Your job with the data below: print everything from the line that holds "behind the scenes" down to the line that holds "tales from the", ends included, exactly, and nothing else.

══ Supplied records

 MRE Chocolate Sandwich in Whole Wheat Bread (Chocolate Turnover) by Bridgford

════
══ Supplied records

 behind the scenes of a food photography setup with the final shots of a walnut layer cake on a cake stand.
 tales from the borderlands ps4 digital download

════

Answer to this task:
 behind the scenes of a food photography setup with the final shots of a walnut layer cake on a cake stand.
 tales from the borderlands ps4 digital download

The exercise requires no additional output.